Desk editor's note, referee report, simulated authors' rebuttal, and a circularity audit. Tearing a paper down is the easy half of reading it; the pith above is the substance, this is the friction.

Desk Editor's Note private letter to a colleague

SpikeProphecy delivers a large-scale benchmark with a three-component decomposition that highlights region-specific predictability in neural forecasting, though the ANCOVA may not fully control for nonlinear firing-stat effects.

read the letter

The main takeaway is that this paper gives us a practical way to break down spike forecasting performance beyond a single correlation number. They define three components—temporal fidelity, spatial pattern accuracy, and magnitude-invariant alignment—and test it on a large collection of 105 sessions with about 90,000 neurons using seven different model architectures. The headline finding is that this split produces a brain-region predictability ranking that stays consistent across all baselines and survives a linear ANCOVA correction for firing statistics, with a modest region effect on top of the covariates. They also report a sub-Poisson evaluation floor and a negative result on KL-based rate distillation from ANN to SNN models. What the work does well is the scale and the concrete empirical content. Running the protocol across SSMs, a transformer, an LSTM, and a spiking network on public Neuropixels data from Steinmetz and IBL gives a clearer view of where models succeed or hit limits than a single r value would. The negative distillation result is a useful data point against that particular transfer approach in Poisson count settings. The soft spots sit in the statistical side. The ANCOVA uses standard linear covariates for mean rate and variance, but spike predictability often depends on nonlinear rate effects, burstiness, and interactions that a basic model can miss, especially with heterogeneous regions and selected sessions. If residuals remain, the reported region ranking could partly reflect unaccounted statistical structure rather than independent biological differences. The three components also need explicit checks to confirm they add separate information instead of mostly re-expressing the aggregate correlation. This is a methods and benchmark paper aimed at computational neuroscientists who build or compare population models. Readers focused on evaluation protocols will find the setup and patterns useful for model selection. The empirical grounding is strong enough to deserve peer review, with the main revisions needed on verifying metric independence and tightening the ANCOVA controls.

Referee Report

3 major / 2 minor

Summary. The manuscript introduces SpikeProphecy, a large-scale benchmark for causal autoregressive spike-count forecasting on real electrophysiology data. Its core contribution is a three-component population metric decomposition (temporal fidelity, spatial pattern accuracy, magnitude-invariant alignment) that is applied to 105 Neuropixels sessions (~89,800 neurons) across seven baselines spanning SSM, Transformer, LSTM, and spiking-network families. The decomposition yields a brain-region predictability ranking that reproduces across all models and survives ANCOVA correction for firing-statistics covariates (region ΔR² = 0.018), while also revealing a sub-Poisson evaluation floor and a negative result for KL-on-output-rates distillation in ANN-to-SNN transfer.

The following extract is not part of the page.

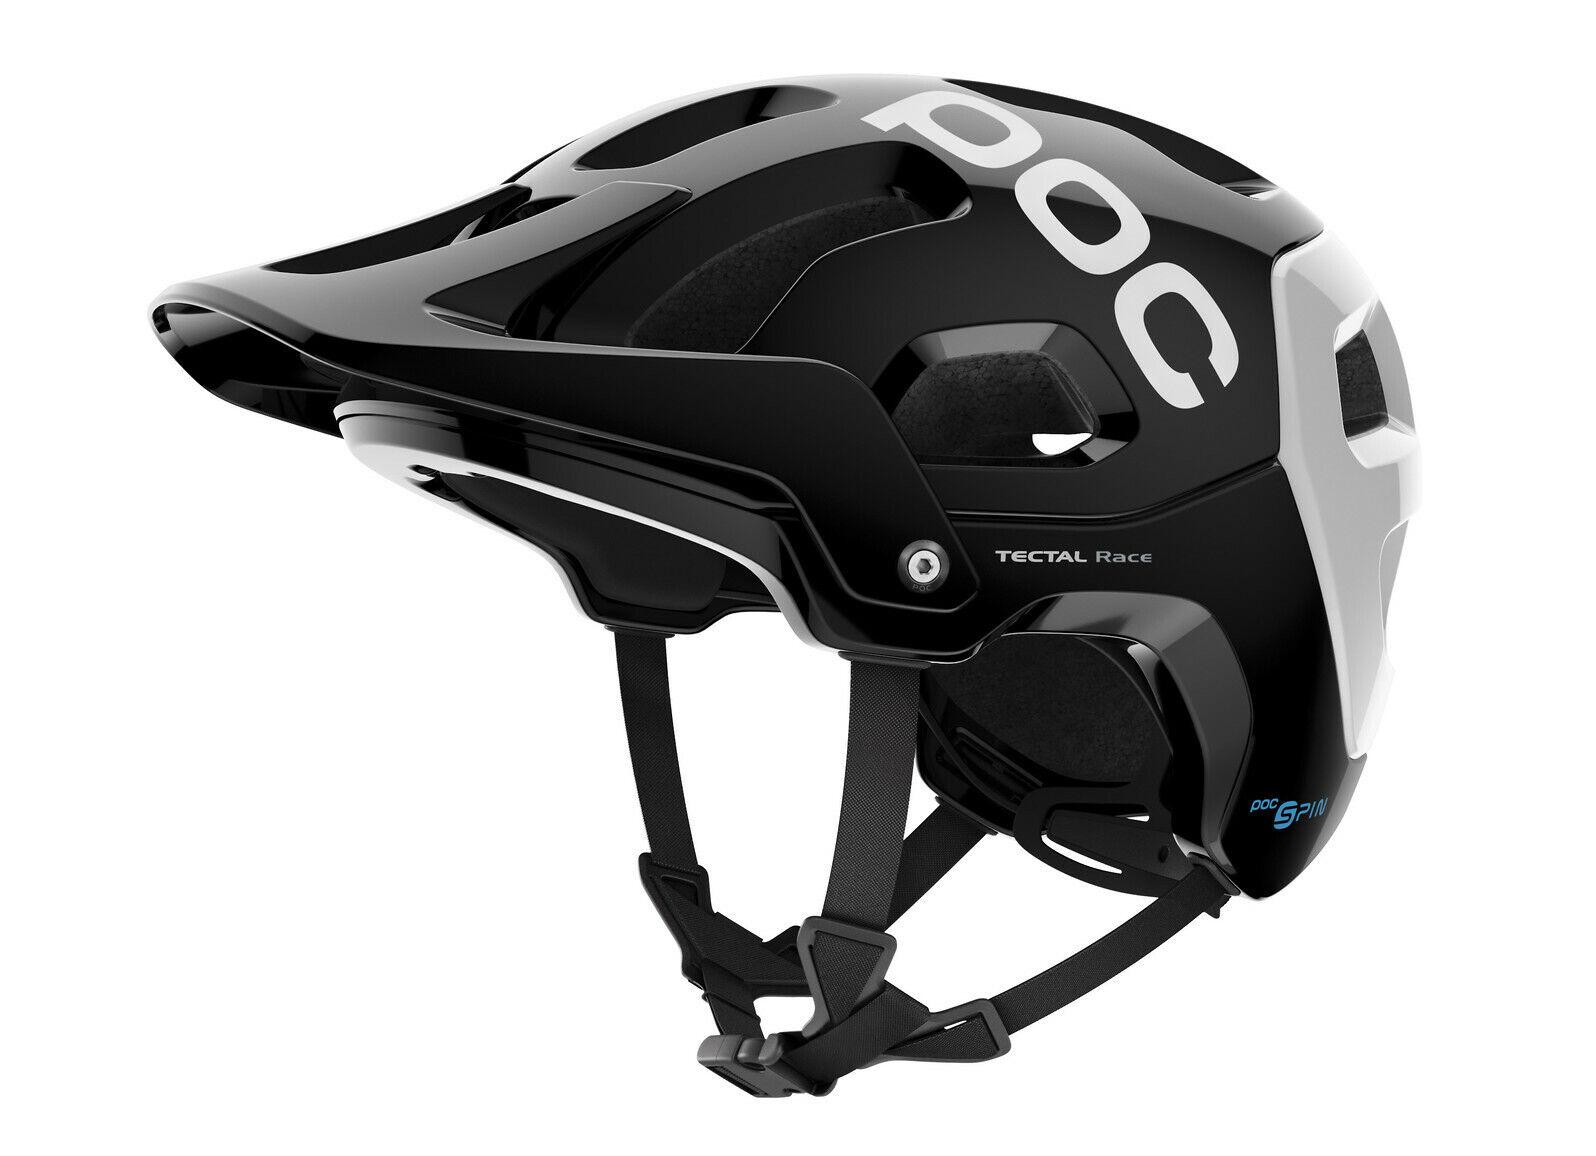 POC Tectal giro Casco de Bicicleta de Montaña Negro Race blancoo Talla M LG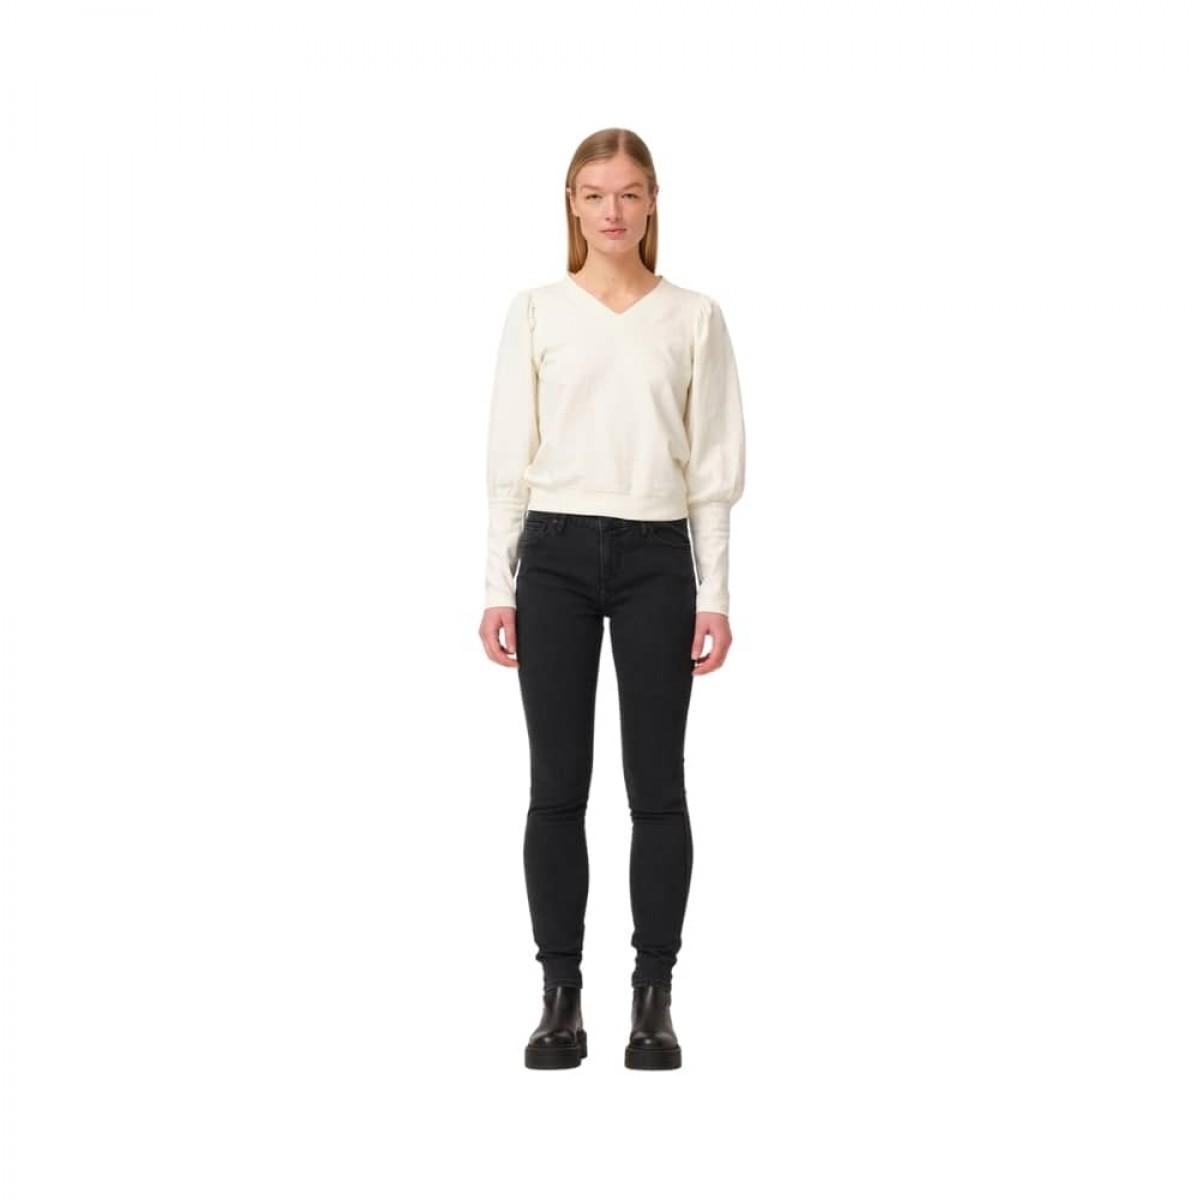 dylan slim jeans - black

Significance. If the metric components prove independent and the ANCOVA adequately controls confounds, the work supplies a reproducible evaluation protocol that extracts biologically interpretable structure from aggregate correlations, supported by the large dataset scale and cross-architecture consistency. The sub-Poisson floor finding ties evaluation limits to biophysical constraints, which could guide future model design. The negative distillation result adds a falsifiable empirical observation in the Poisson count domain.

major comments (3)

[ANCOVA analysis] The headline claim of an independent brain-region predictability ranking rests on the ANCOVA result (region ΔR² = 0.018 above firing-statistics covariates). A strictly linear ANCOVA without quadratic terms, interactions, or session-level random effects may leave residual variance from non-linear rate effects (saturation, burstiness) or unmodeled confounds, especially across heterogeneous regions and 105 selected sessions. Please report the exact ANCOVA specification, covariate list, interaction terms, and residual diagnostics or sensitivity checks.
[Metric decomposition] The three-component decomposition is presented as surfacing distinct aspects masked by aggregate r. Without quantitative evidence that the components are statistically independent (e.g., pairwise correlations, shared variance, or a decomposition of total R²), there remains a risk that they largely re-express the same aggregate correlation in rotated coordinates rather than capturing independent biological signals.
[Distillation experiments] The negative result on KL-on-output-rates distillation for ANN-to-SNN transfer is load-bearing for claims about transfer limitations in this domain. The manuscript should provide the precise distillation objective, temperature scaling, loss weighting, and output-rate matching procedure, together with controls confirming that the failure is not due to implementation details or mismatched Poisson assumptions.

minor comments (2)

The abstract refers to 'three metrics' without inline definitions; add one-sentence operational definitions or a forward reference to the methods section for immediate clarity.
Baseline model descriptions should include key hyperparameters, training schedules, and loss functions to support reproducibility, especially for the four SSM variants and the spiking network.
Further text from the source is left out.